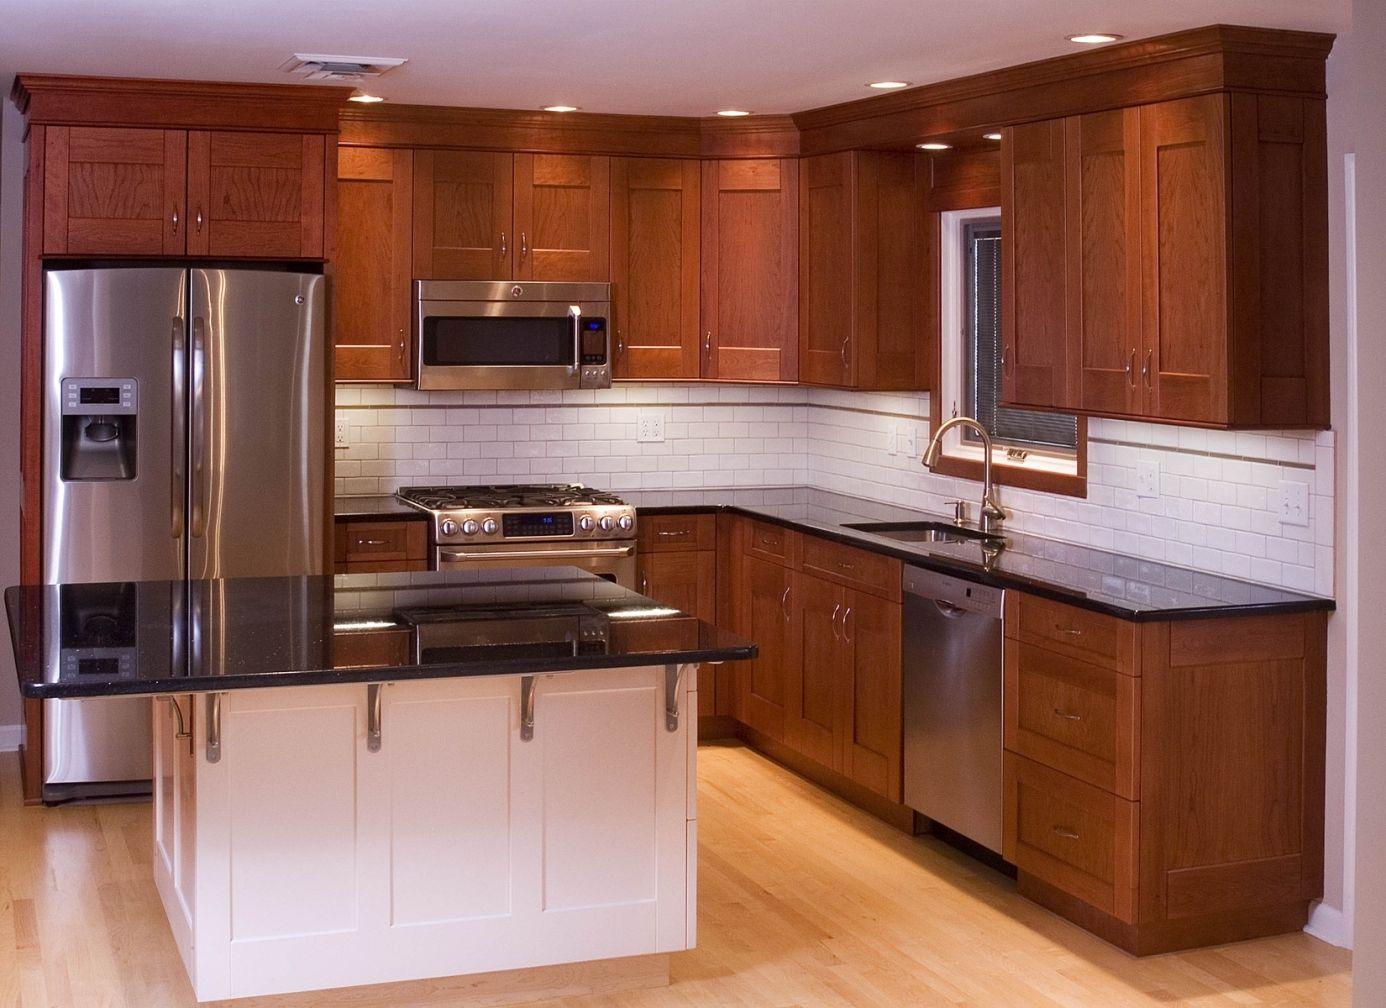 Cherry kitchen cabinets remodeling ideas pinterest cherry
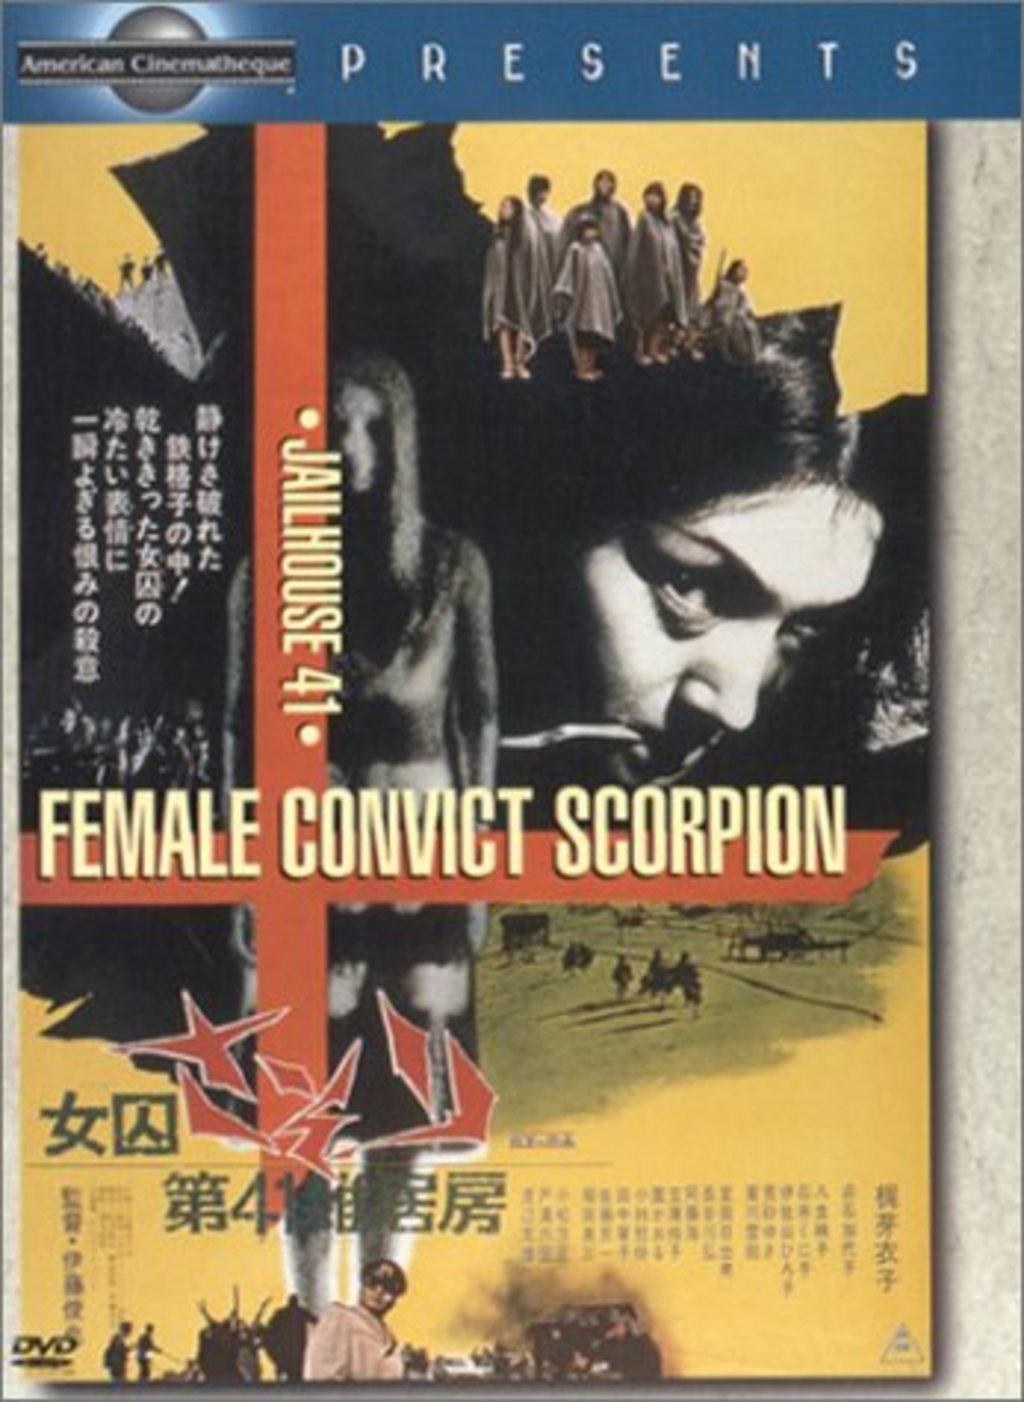 watch female prisoner scorpion jailhouse 41 on netflix
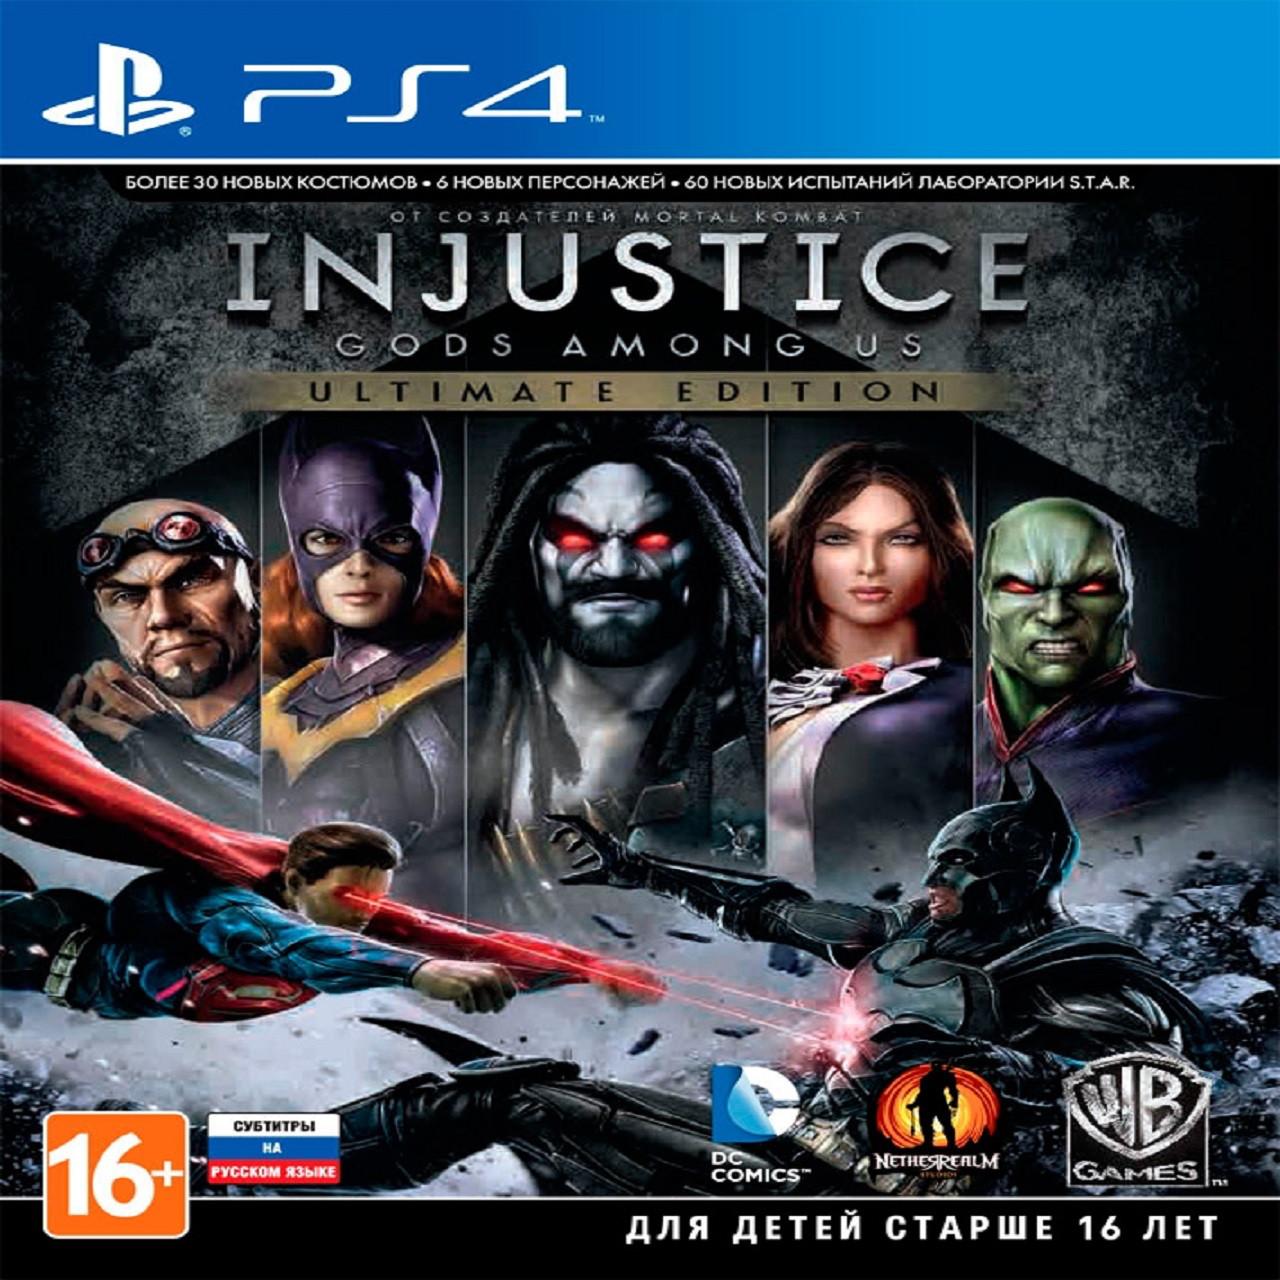 Injustice: Gods Among Us RUS PS4 (Б/В)
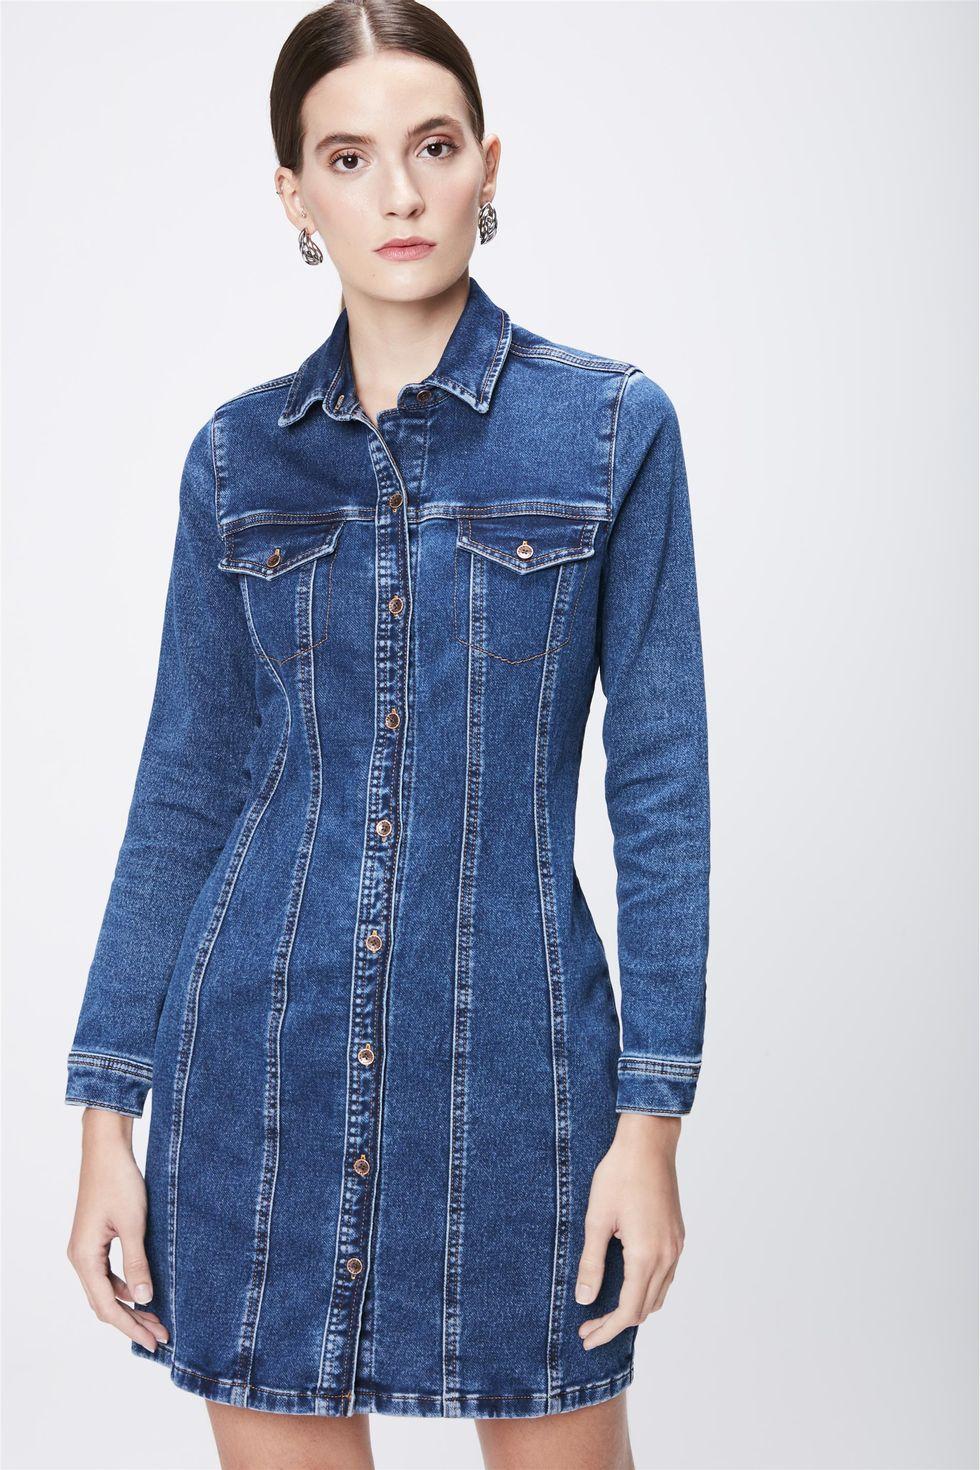 Vestido-Jeans-Manga-Longa-Frente--
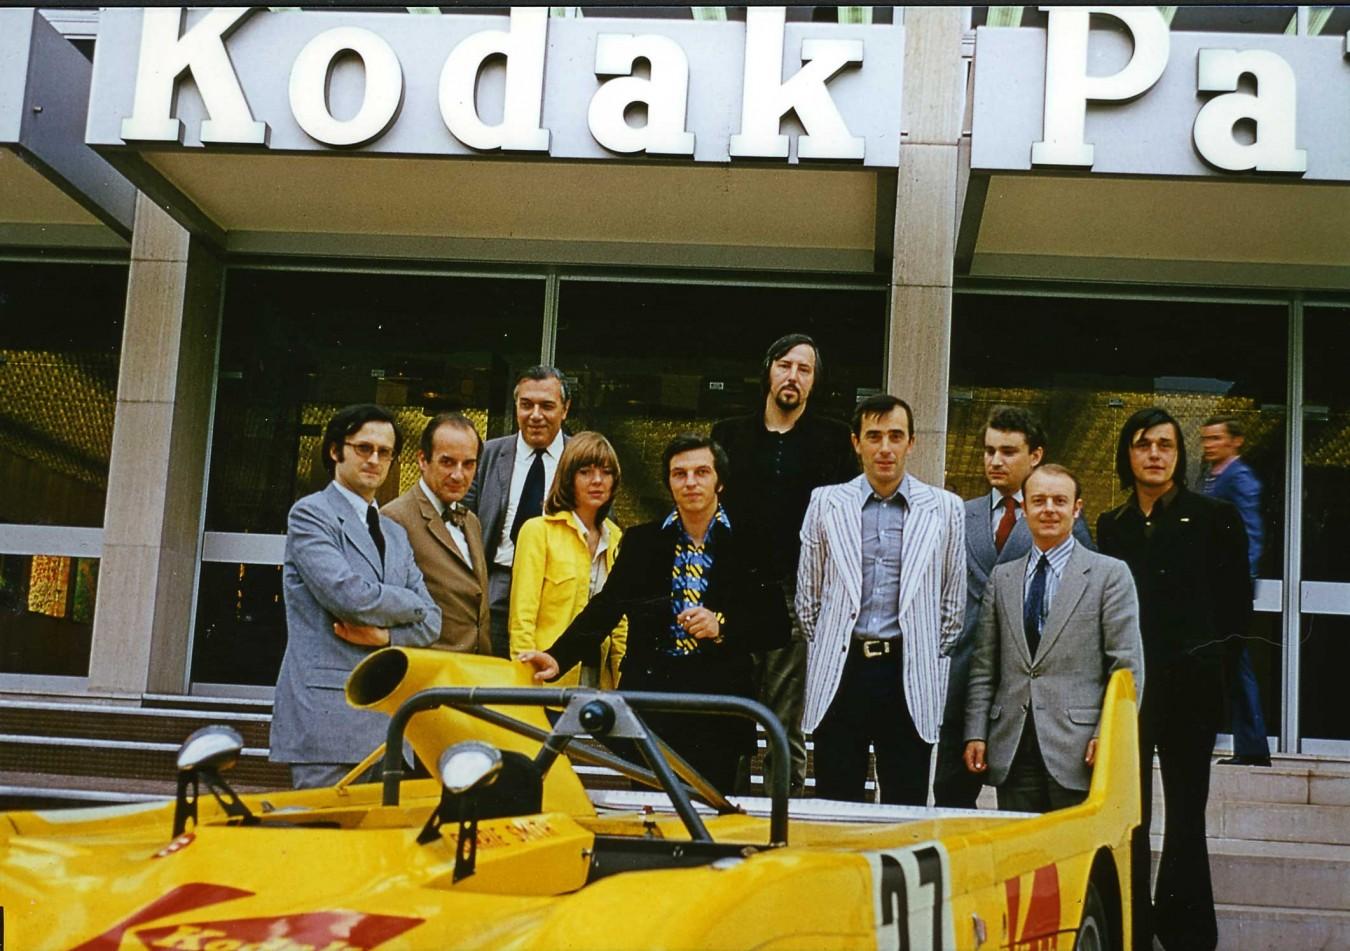 Kodak-Pathe-Ave-Mont
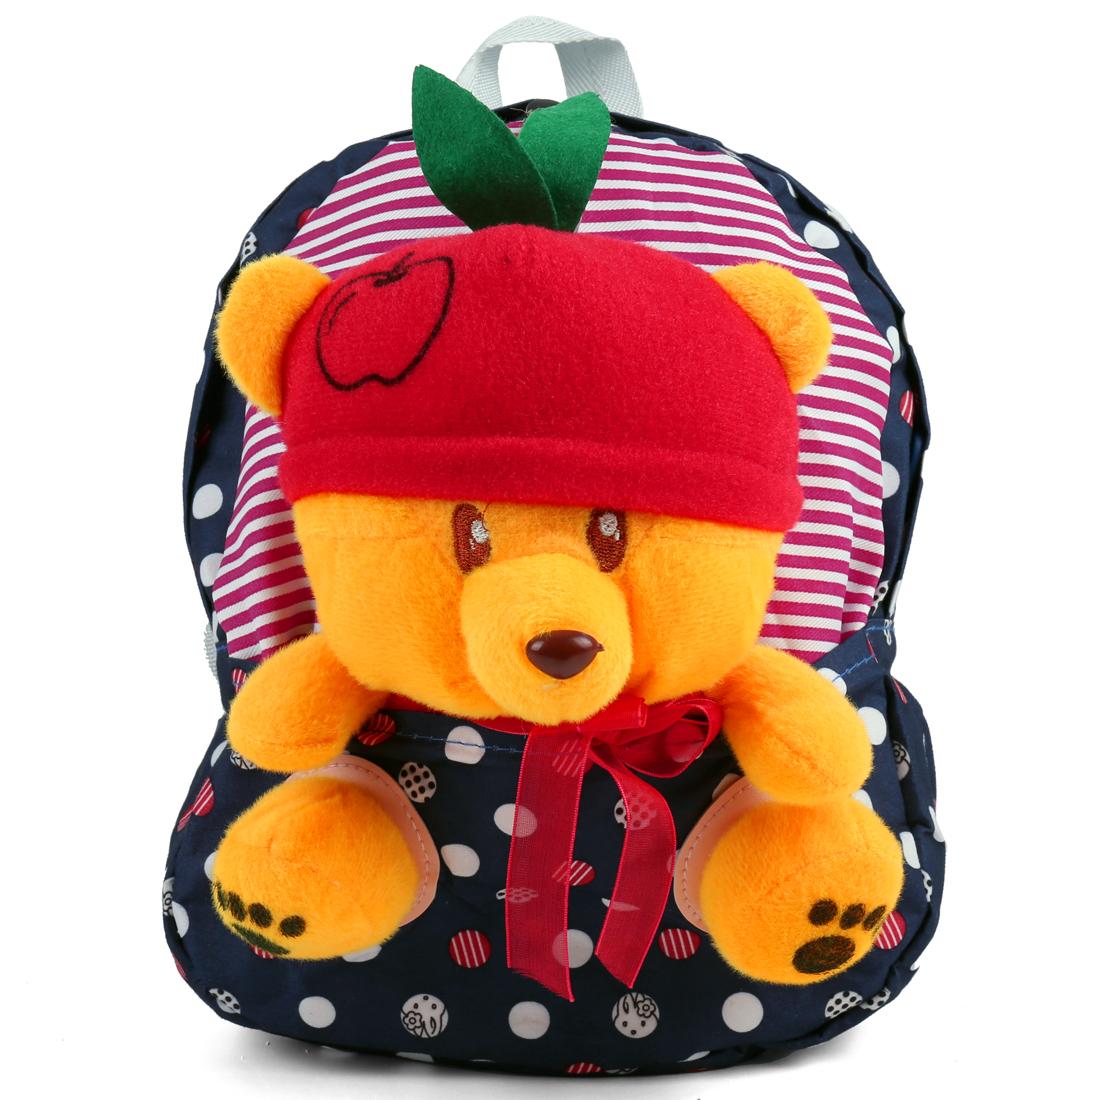 Kids Buckle Straps Zip Up Splice Solid Bear Backpacks Navy Blue Yellow

**Your goal**
When you write out the material again, keep every word exact and omit the pictures.

**Output for this exercise**
 Cherry kitchen cabinets remodeling ideas pinterest cherry
 watch female prisoner scorpion jailhouse 41 on netflix
 Injustice: Gods Among Us RUS PS4 (Б/В)
 Vestido-Jeans-Manga-Longa-Frente--
 Kodak-Pathe-Ave-Mont
 Kids Buckle Straps Zip Up Splice Solid Bear Backpacks Navy Blue Yellow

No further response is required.